PROBLEM TO SOLVE ▸
Reproduce, from the lines below, exactly the stretch that begins at the line containing "Kiwi Master Floor" and ends at the line containing "time time answers", both included.

RECORDED DATA ▸
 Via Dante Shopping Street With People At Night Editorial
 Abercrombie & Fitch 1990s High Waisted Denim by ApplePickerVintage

* * *

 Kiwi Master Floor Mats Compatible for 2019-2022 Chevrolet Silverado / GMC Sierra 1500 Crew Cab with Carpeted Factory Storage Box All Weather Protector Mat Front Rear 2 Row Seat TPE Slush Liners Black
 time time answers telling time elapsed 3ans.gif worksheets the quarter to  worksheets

SOLUTION FOR THIS TASK ▸
 Kiwi Master Floor Mats Compatible for 2019-2022 Chevrolet Silverado / GMC Sierra 1500 Crew Cab with Carpeted Factory Storage Box All Weather Protector Mat Front Rear 2 Row Seat TPE Slush Liners Black
 time time answers telling time elapsed 3ans.gif worksheets the quarter to  worksheets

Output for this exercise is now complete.